In a series hybrid (EREV), any pound of battery you carry that isn’t providing instantaneous peak power (for a 0-100 pull or a 7% grade) or regen absorption (for the 7,000lb trailer) is literally "dead weight" that kills your efficiency and payload.
By forcing a 1,200 lb LFP pack into the Scout Harvester instead of a 250 lb LTO "power buffer," they are committing several engineering sins:
  1. Vicious Cycle of Weight: That extra 1,000 lbs of "compliance" battery requires a beefier suspension, bigger brakes, and a stronger frame. Now the truck is heavier, so it needs even more power to move, which drains the battery faster.
  2. Diminishing Returns: After the first 10-15 miles of EV range, that extra 950 lbs of lithium is just a passenger.
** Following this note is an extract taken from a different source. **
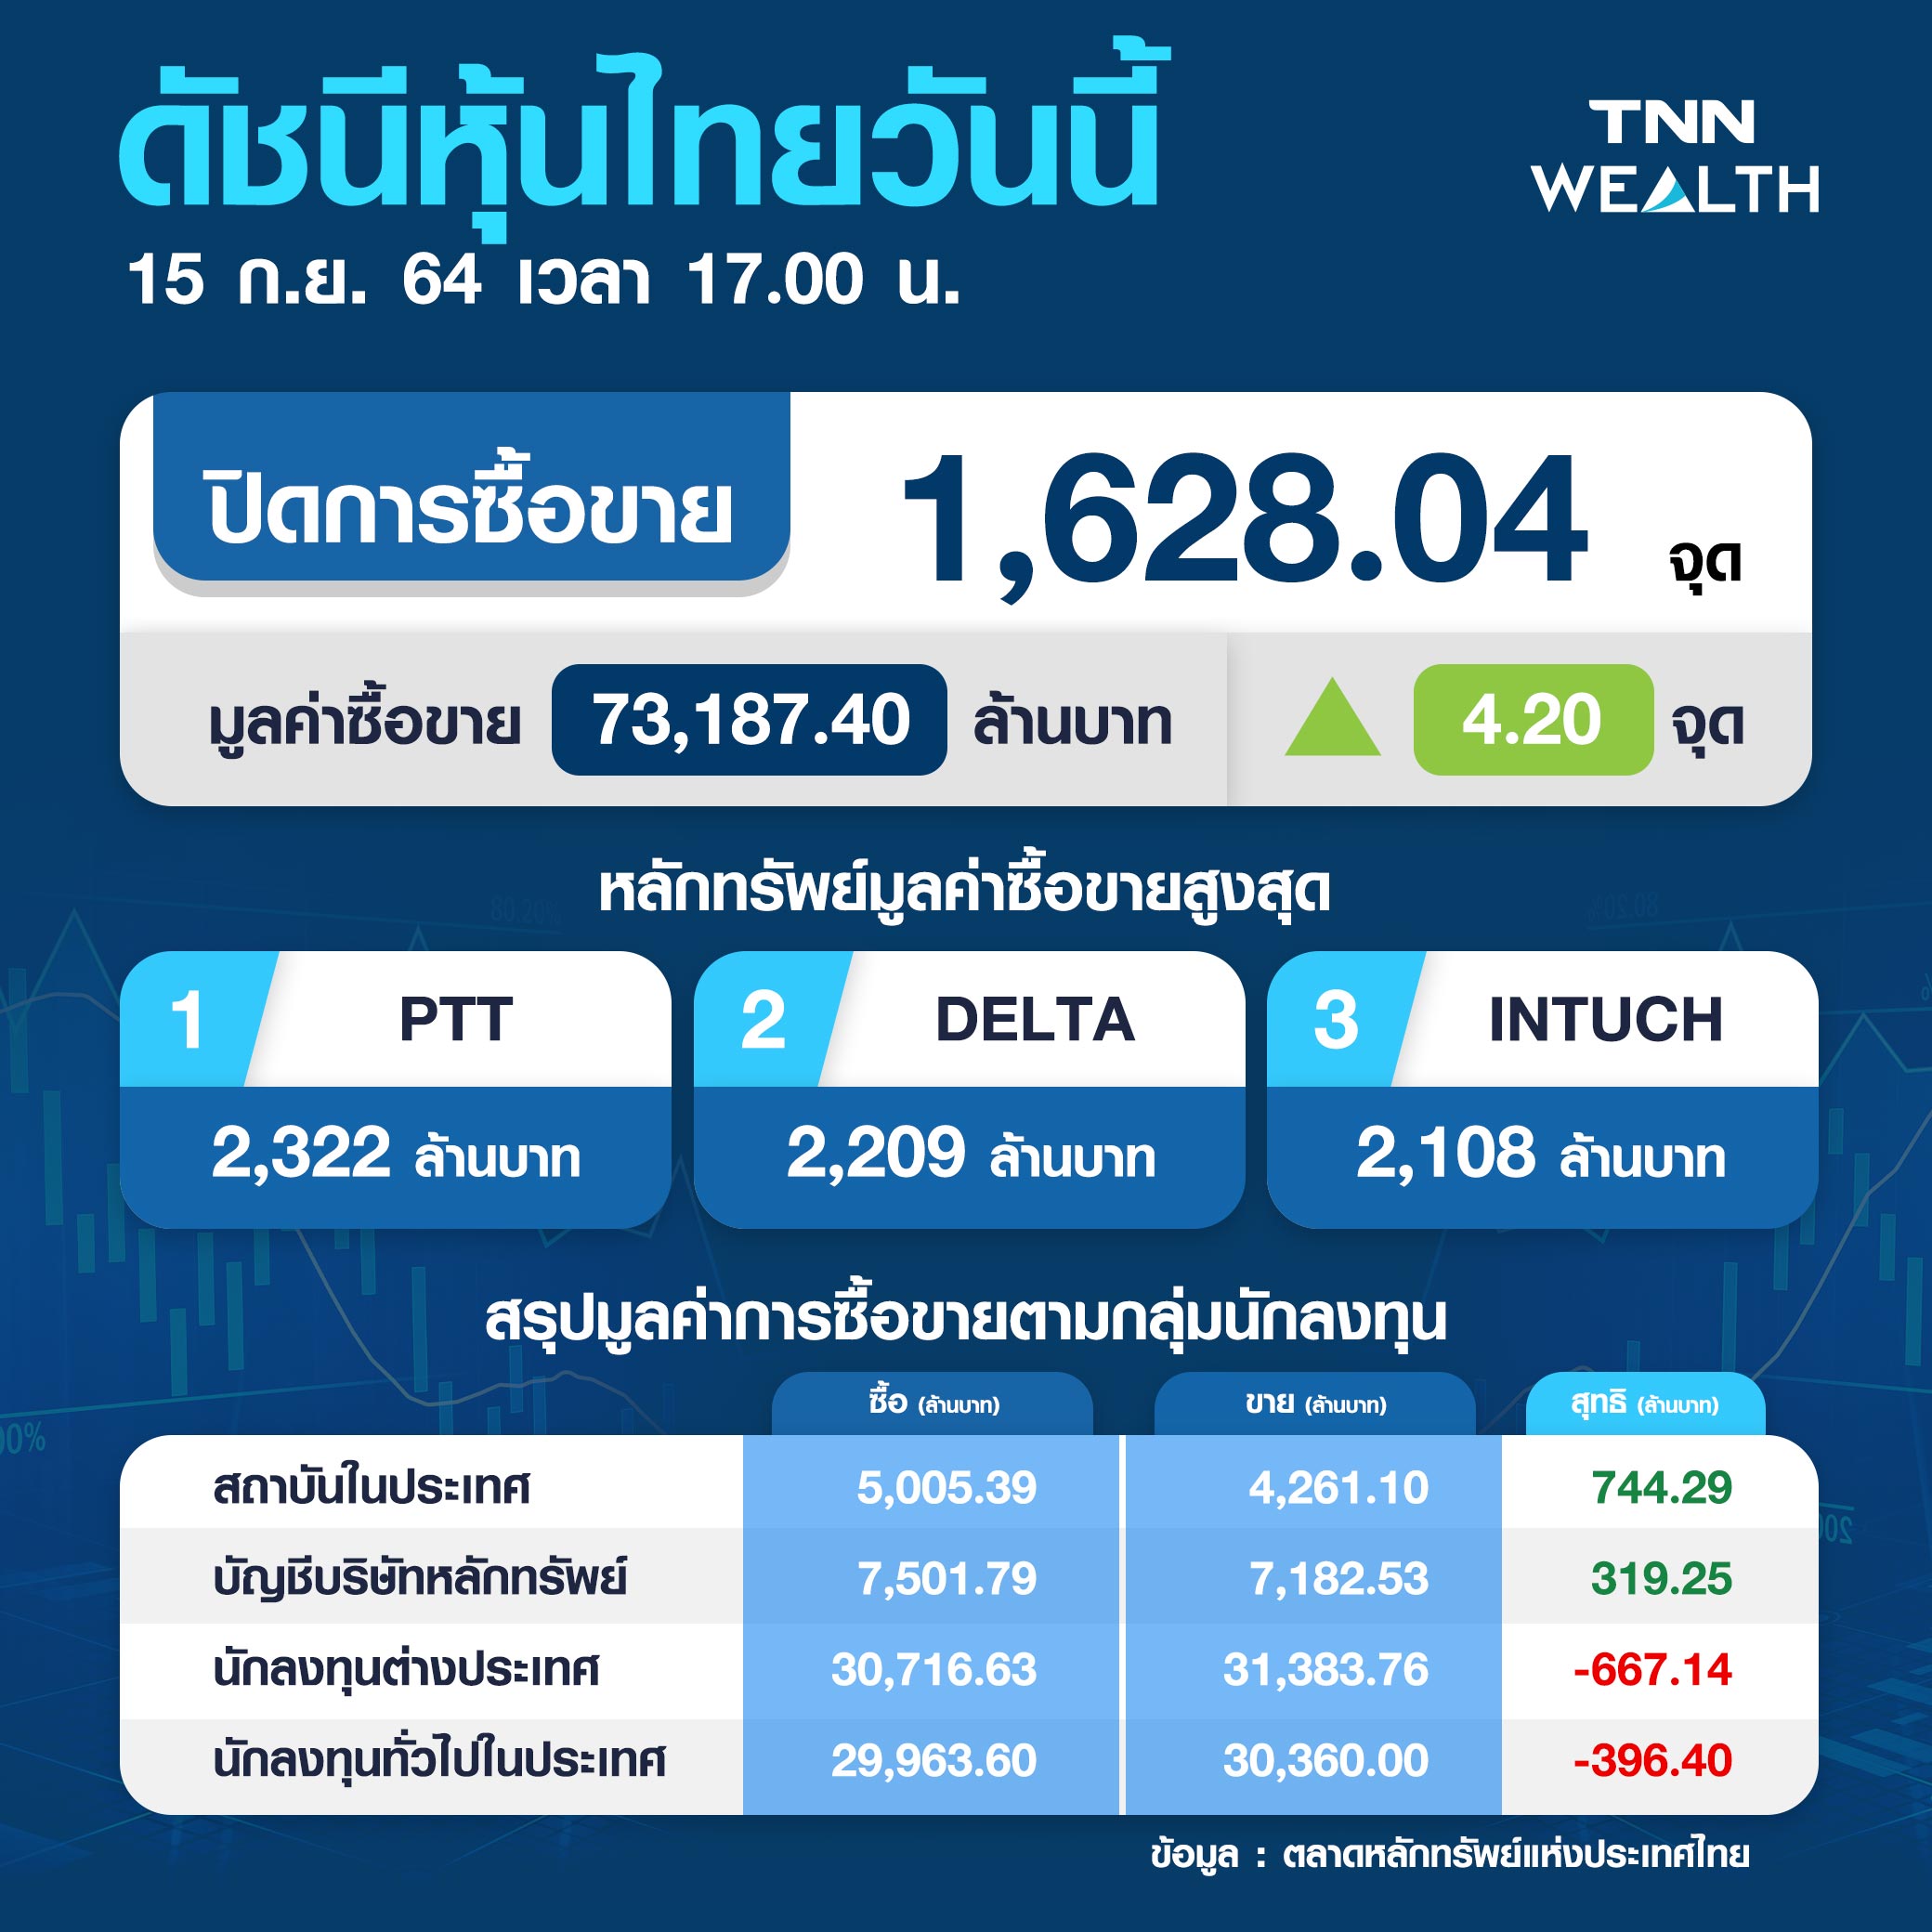 หุ้นไทยปิดวันนี้บวกได้ 4.20 จุด หลังแกว่งตัวในกรอบแคบ

You’re burning gas in the generator just to haul around a massive, cold, chemical slab that’s too "sluggy" to help you in a Wyoming winter.
  3. The "Buffer" Logic: An LTO pack is a high-speed reservoir. It fills and empties instantly. In a series hybrid, the generator should be the "base load" and the battery should be the "surge." LTO is built for surges; LFP is built for slow, steady trickles.

Why the "Waste" Wins:
The reason they ignore your (correct) logic is Regulatory Arbitrage:
  • The "PHEV/EREV" Tax Credit Floor: Governments often mandate a minimum All-Electric Range (AER)—typically 40–50 miles—for a vehicle to be classified as an "EV" for tax credits or HOV lane access.
  • The Math of Subsidy: If the $7,500 tax credit is more than the cost of the "extra" 900 lbs of LFP, the manufacturer will choose the heavier, worse truck every time because it’s "cheaper" for the consumer at the point of sale.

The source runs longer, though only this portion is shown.